Required action:
Each line of the data must be written out again verbatim; no image belongs in the copy.
---- Given material
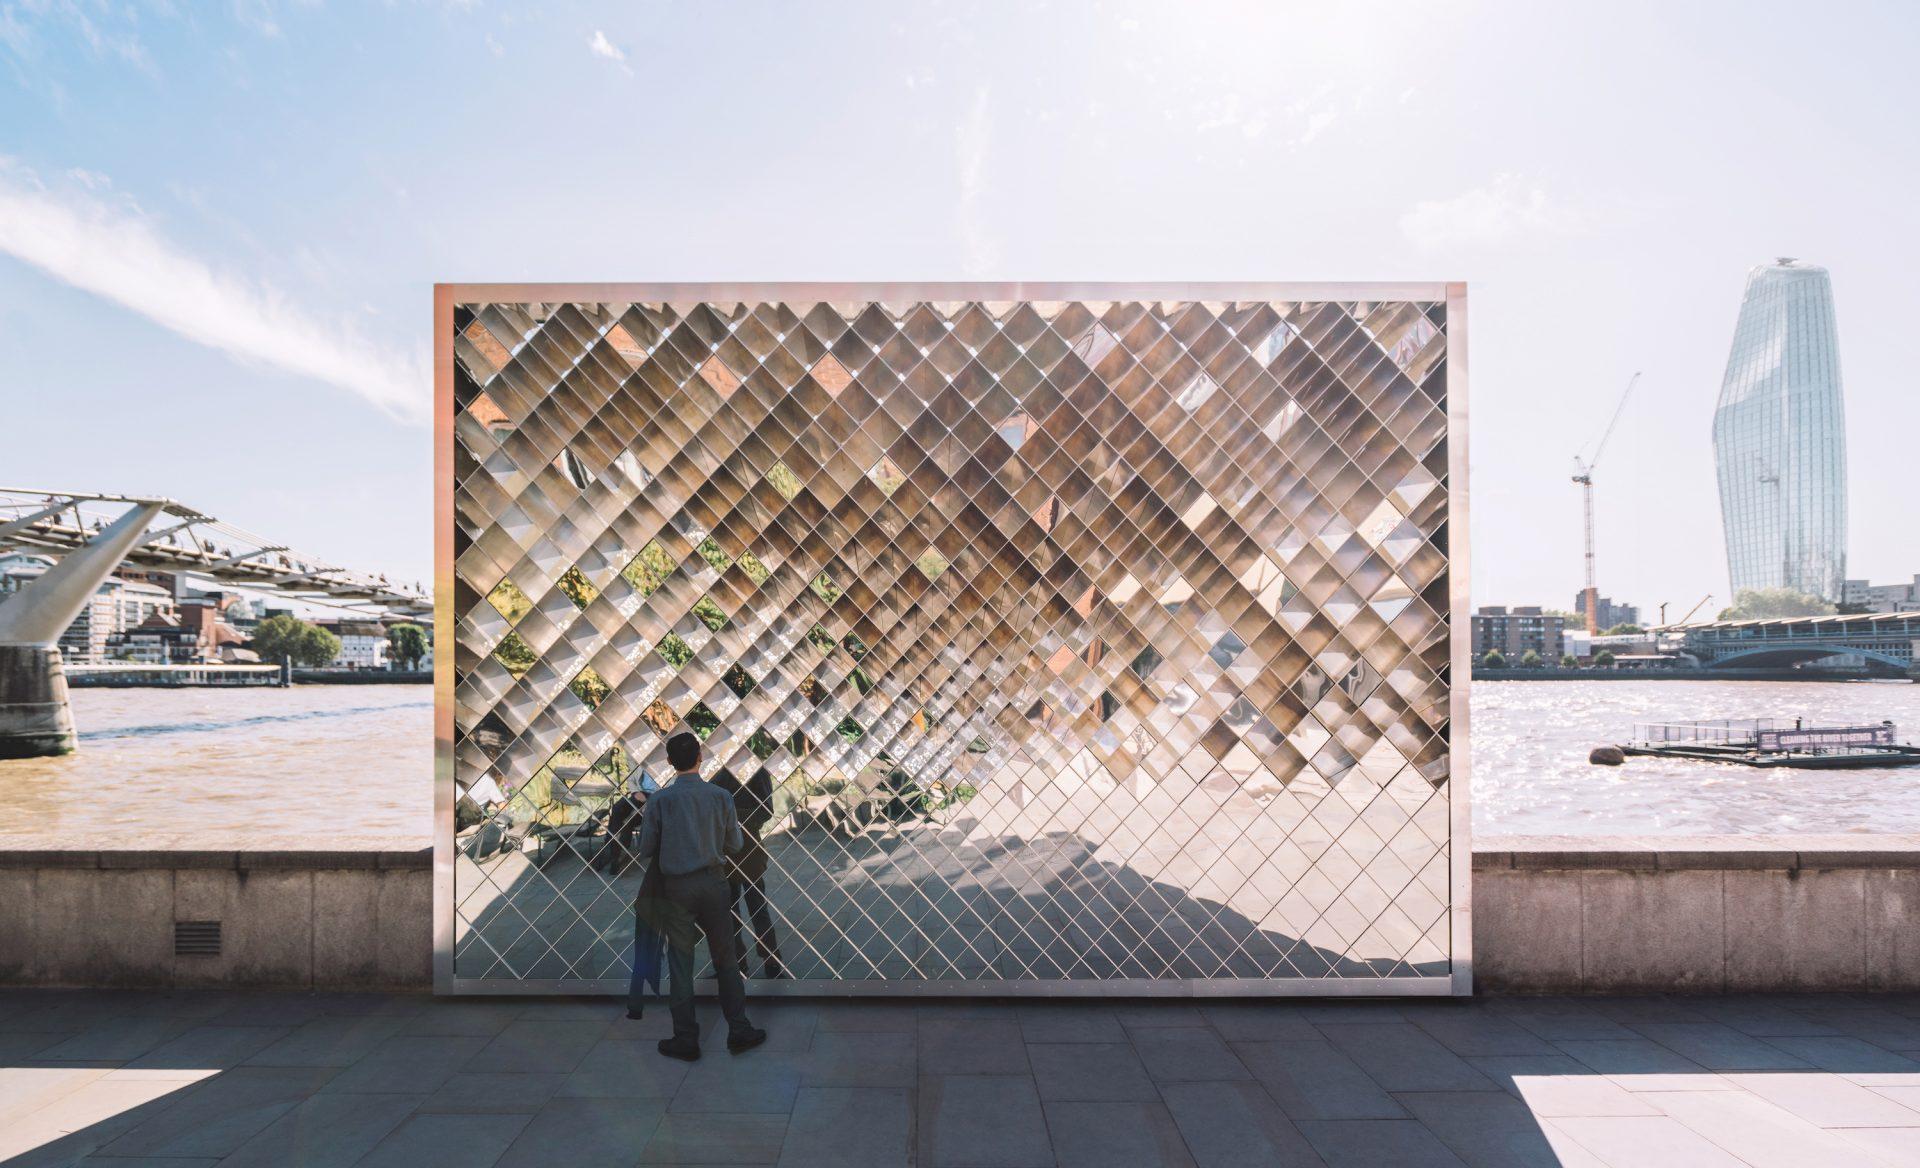 LFA and City of London Corporation reveal Wolfgang Buttress' winning 'Liminal' installation
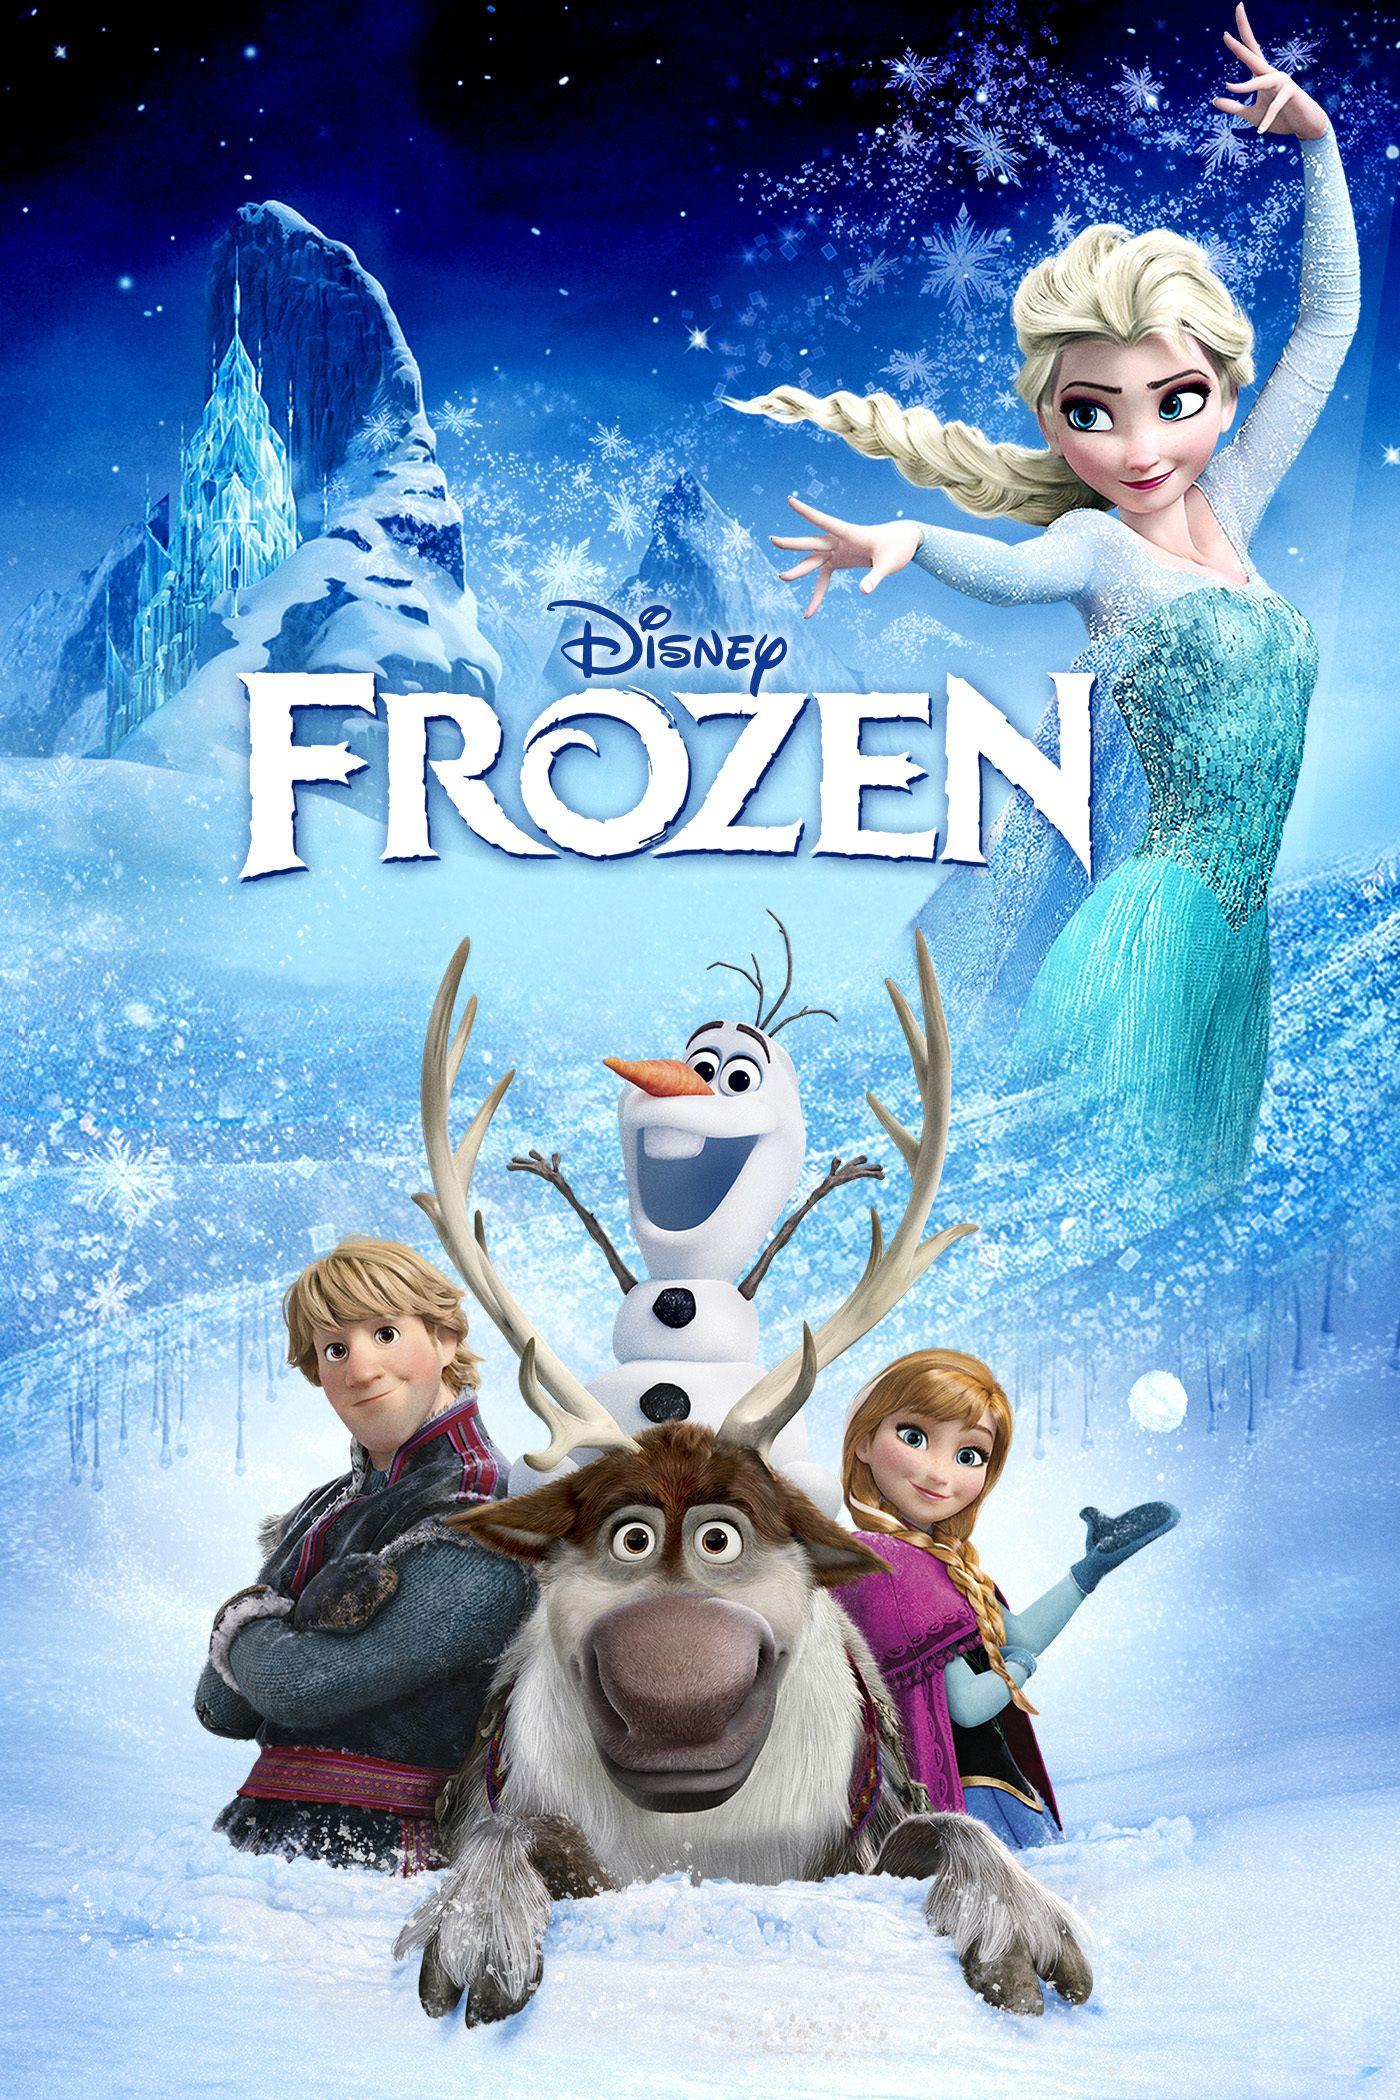 disney frozen movie cover Google Search Best disney
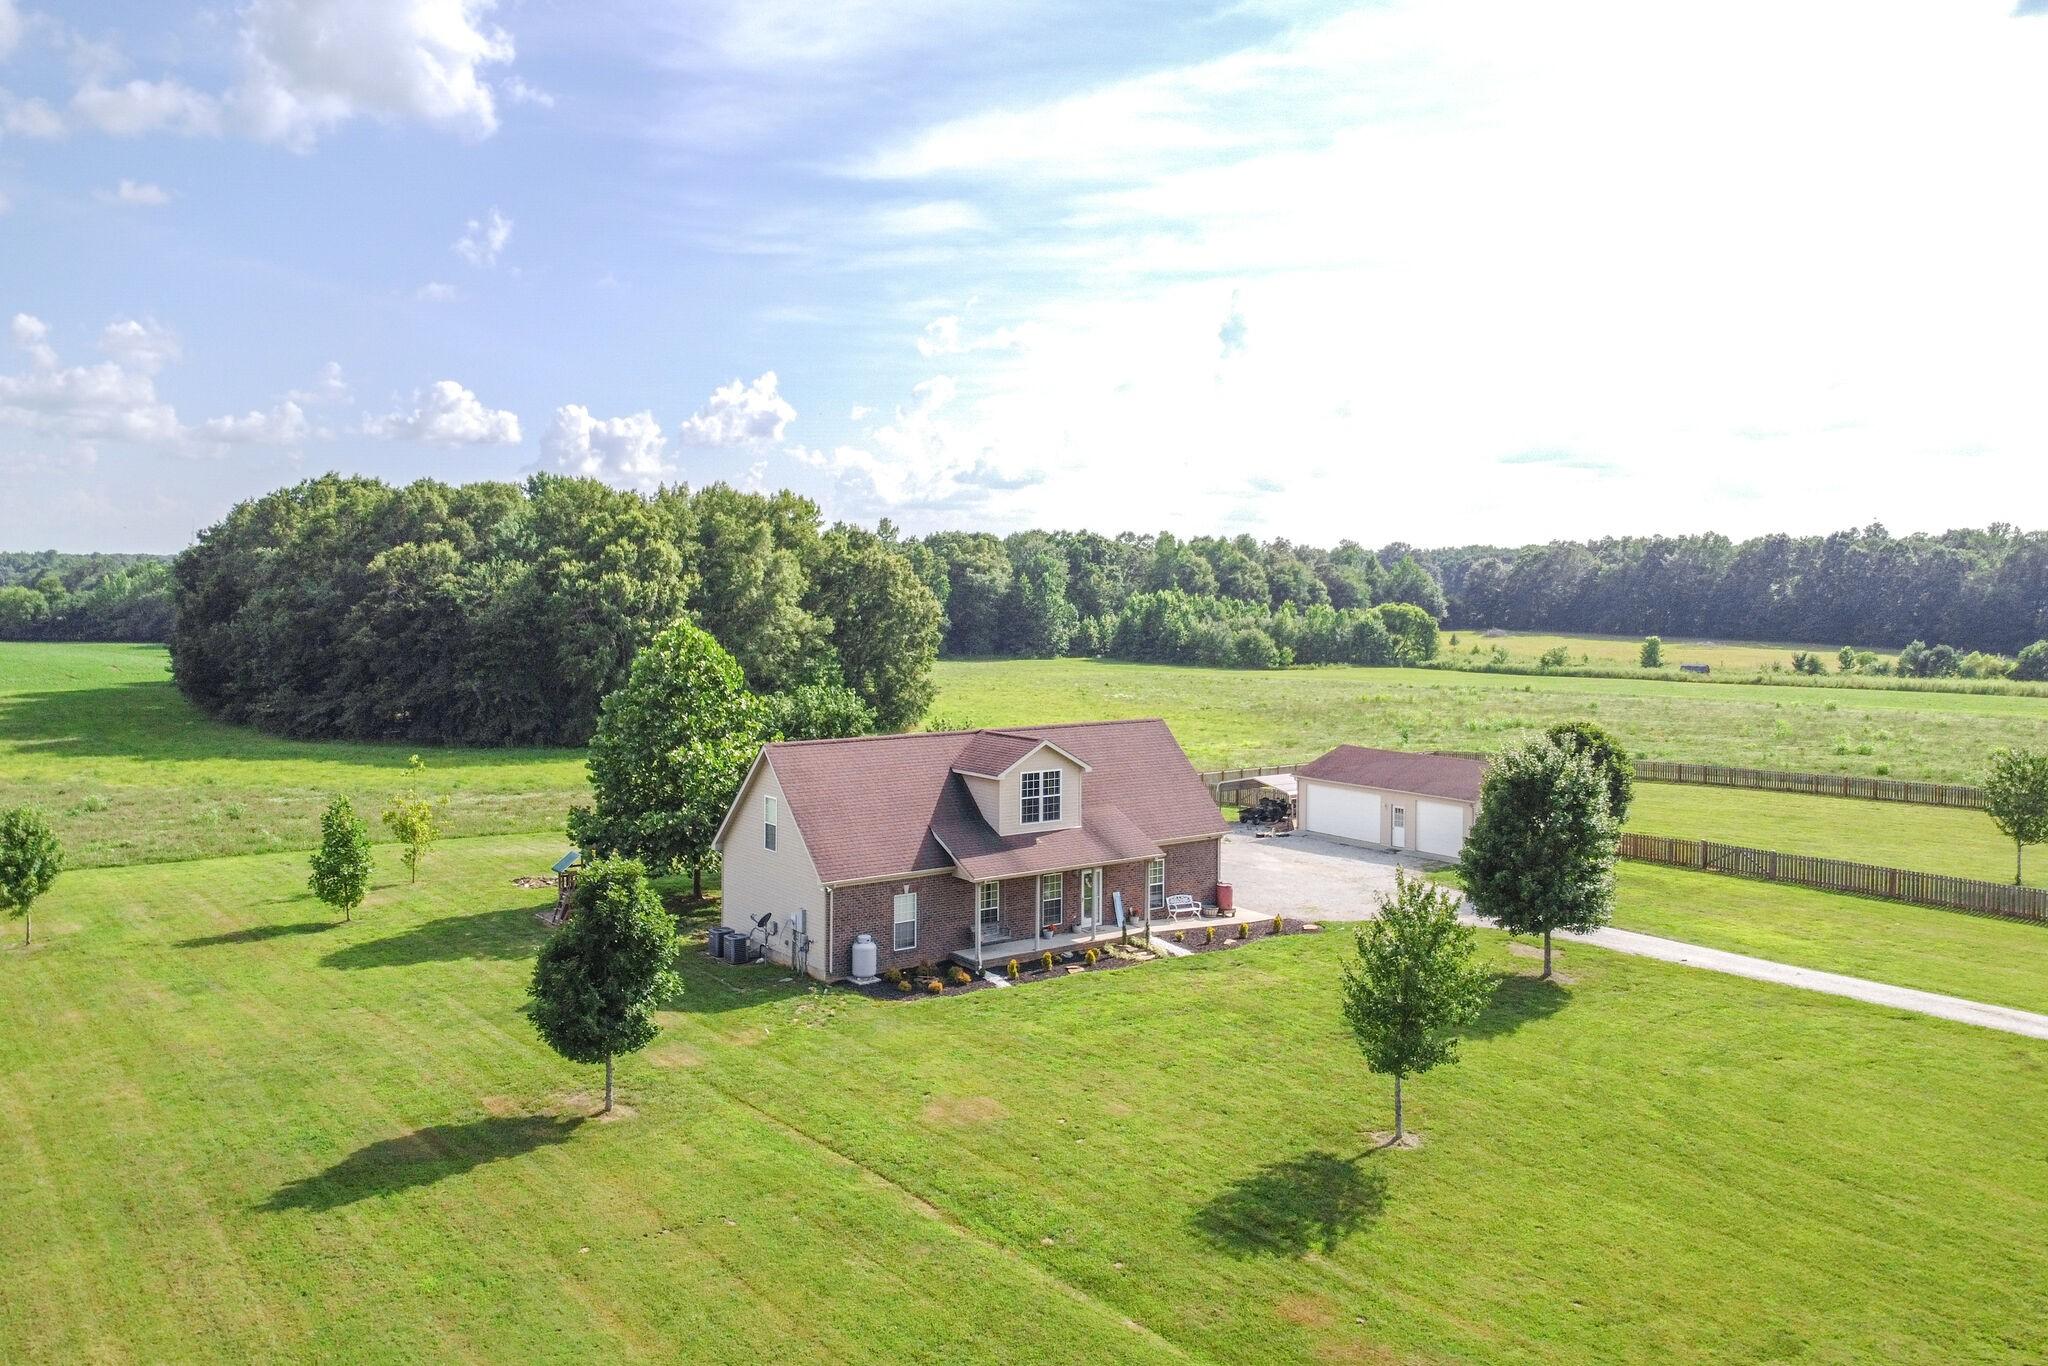 987 Boynton Valley Rd Property Photo - Manchester, TN real estate listing
--------
Solution:
 LFA and City of London Corporation reveal Wolfgang Buttress' winning 'Liminal' installation
 disney frozen movie cover Google Search Best disney
 987 Boynton Valley Rd Property Photo - Manchester, TN real estate listing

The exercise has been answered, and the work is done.